Las preguntas filosóficas de siempre vuelven con mayor insistenza:
—Quién soink? Dónde estoink? A dónde voink?
Pero no, no me he vuelto paranoinko. Las pruebas están en todas partes. Si usted ve la televisióink, lee el periódicoink, verá que efectivamente los hombres están mutando en cerdos, o los cerdos en humanos. En un noticiero vi una asamblea de políticos y, aunque bastaba escuchar sus discursos para comprobarlo, algunos usaban el tapabocas para cubrirse hasta la nariz, donde los delataría la evidenza.
Oink!
Qué repugnanza, se me iría la existenza nombrando nombres, valga la redundanza. Lo mismo sucede con las financias, los deportes y los espectáculos. Y no quiero ni pensar lo que pudo sucederle al mundo editorial y literario. Sería una desilusión si ahora las tendenzas fueran marcadas por las gananzas, por la concupiscenza, y todo fuera, por ejemplo, novela histórica, novela biográfica, narconovela. Y por encargo, además.

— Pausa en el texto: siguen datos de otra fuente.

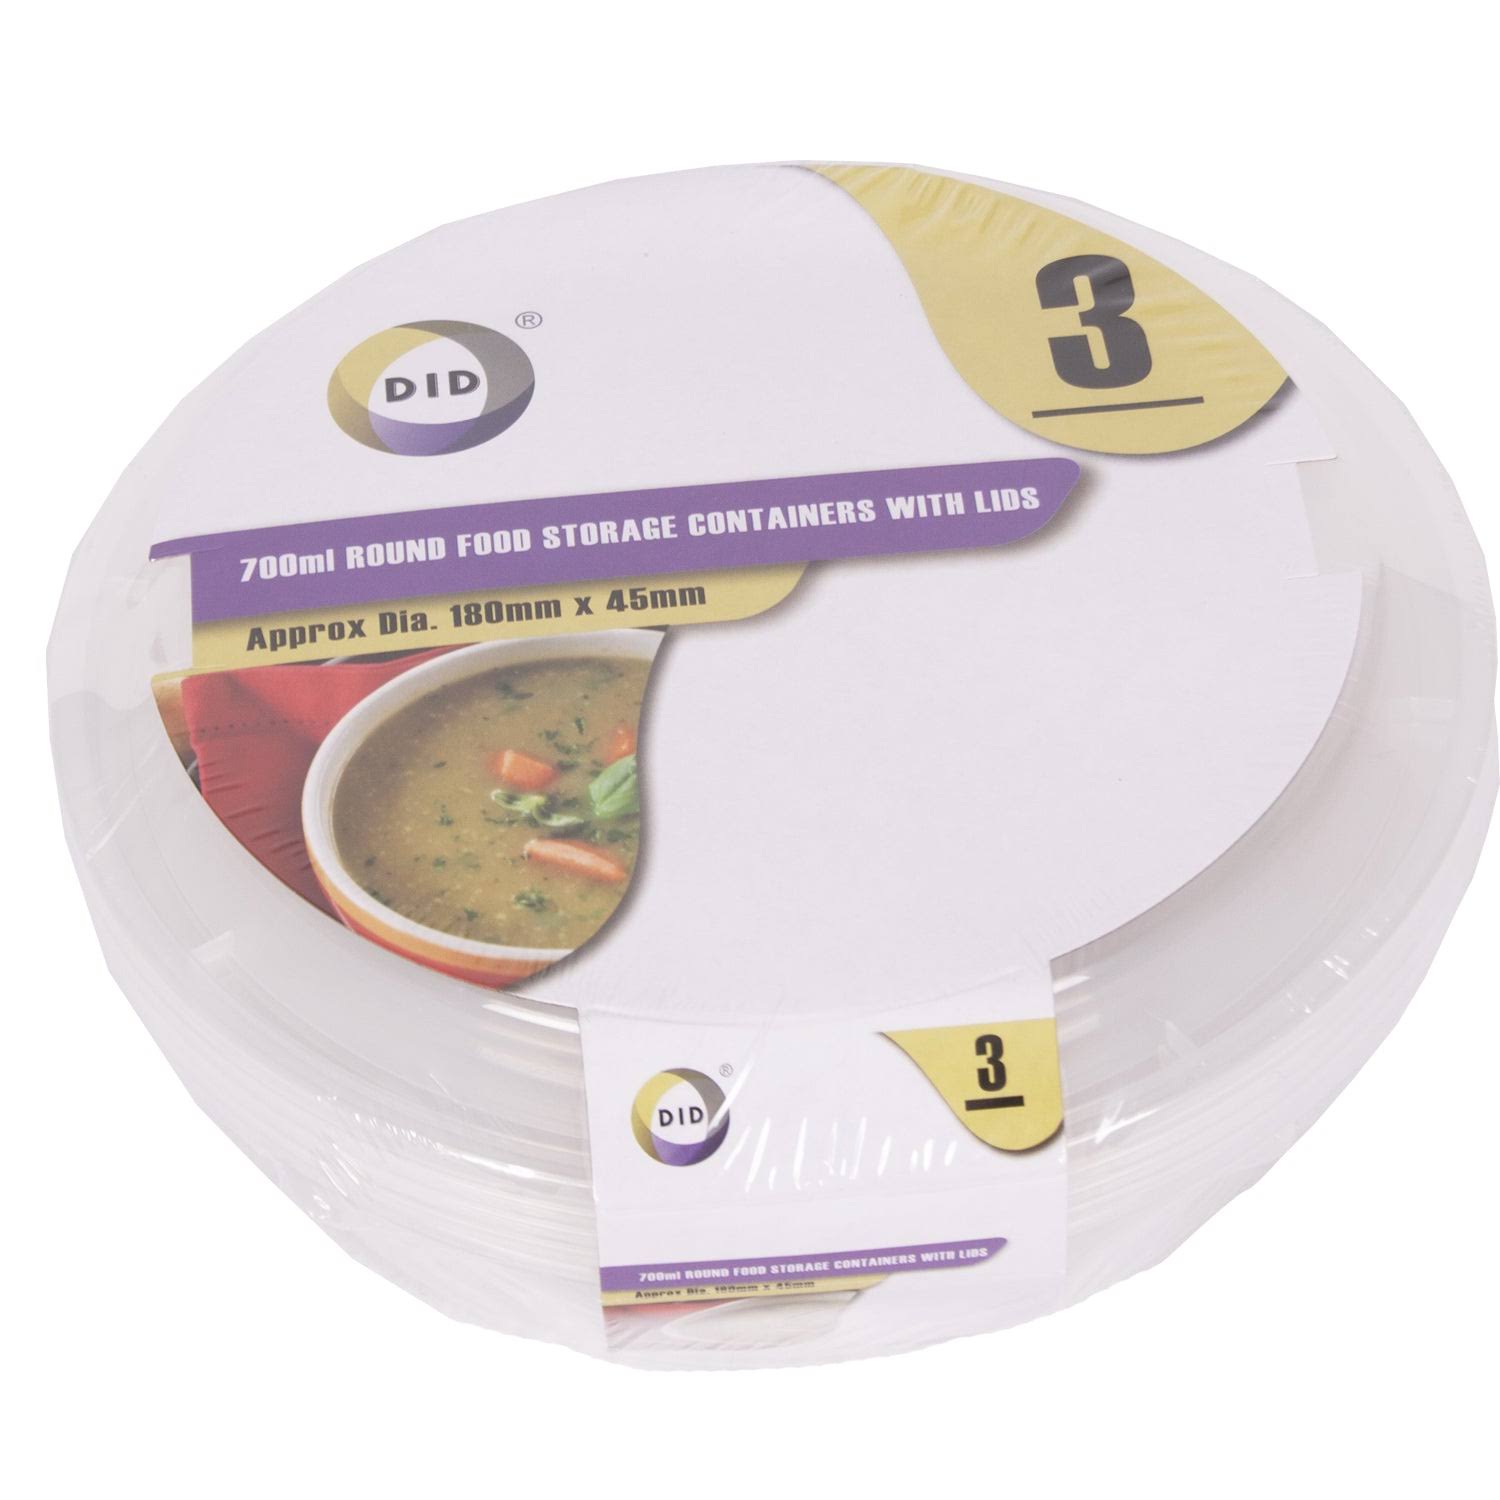 DID Food Containers with Lids - Round 3 Pack 700ml

En verdad deseo que no haya sido así, pero me da pavor averiguarlo.
Con todo esto, resultaría inevitable la reminiscenza en todo momento de aquella triste referenza dejada por Vicente Fox y su:
—Hoink, hoink, hoink!
Lo cual, en última instanza, me lleva a pensar en qué pasará si alguien duda de la bonancia de esta radical mudancia en el lenguaje y lo cree síntoma de decadenza, algo que afectará nuestra convivenza, que generará más ignoranza y malvivenza. Cómo se tomará a quien no adopte esta usancia? Cómo se tomará a quien opte por la independenza? Su abstinenza recibirá una advertenza o será castigada, como suele suceder, con intoleranza?